Demographic data, including age, gender, resident address, height, and weight were obtained from an electronically extracted database for the health-check examinee at each hospital. The laboratory results of the blood chemistry obtained after overnight fasting included the fasting plasma glucose, serum protein, albumin, bilirubin, cholesterol, alanine aminotransferase (ALT), hemoglobin A1c (HbA1c), urea nitrogen, creatinine, thyroid stimulating hormone and complete blood cell count as well as an assay for the HBsAg and anti-HCV antibody. Urine analysis was performed with spontaneously voided clean-caught mid-stream fresh urine. Urine protein was measured using an immediate semi-quantitative urine protein dipstick test and graded as negative, trace, 1+, 2+, 3+, or 4+.

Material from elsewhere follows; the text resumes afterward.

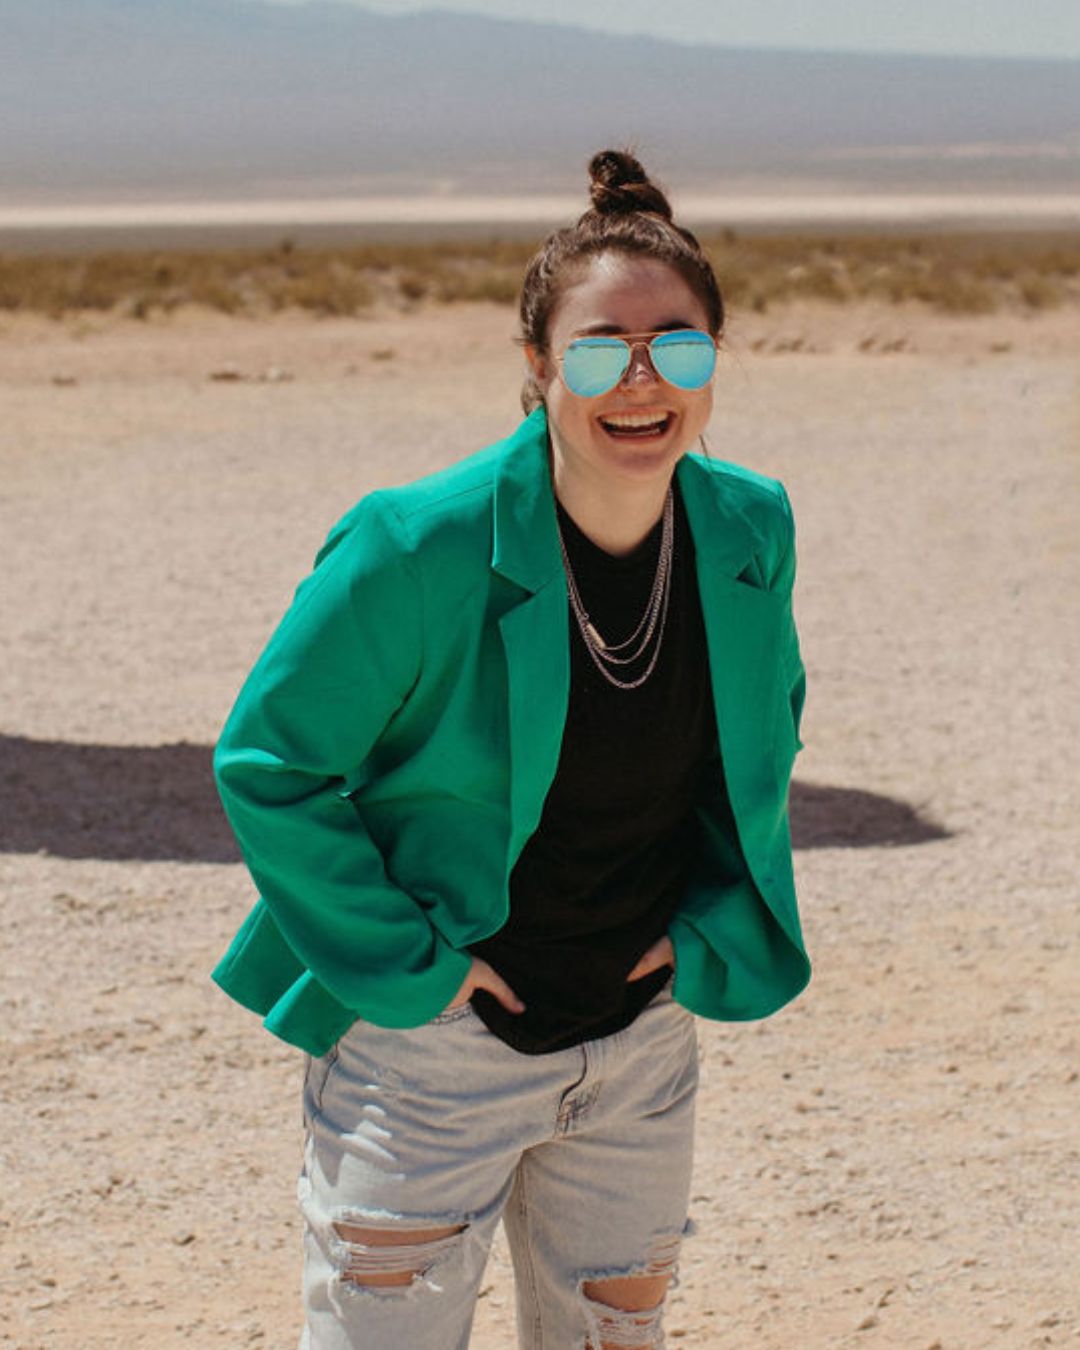 Woman in a green blazer smiling with sunglasses in the desert.

Serum HBsAg was measured mainly using chemiluminescent microparticle immunoassay with Abbott Architect assay and electrochemiluminescence immunoassay. Dipstick urine analysis was performed using the Urisys 2400 cassette strip, which was read by Urisys 2400 automated analyzer (Roche, Mannheim, Germany) in 50% of the hospitals, and various ways in the remaining hospitals. Serum creatinine level was measured using the compensated kinetic alkaline picrate (Jaffe reaction) in 70% of the hospitals, so that the estimated GFR was calculated with the Modification of Diet in Renal Disease equation19:

estimated GFR = 175 × serum creatinine^−1.154 × age^−0.203 × 0.742 (if female)

Although each hospital has different testing methods, the quality control of all the measuring method was certified by clinical laboratory accreditation program, which was operated by the Korean Society of Laboratory Medicine.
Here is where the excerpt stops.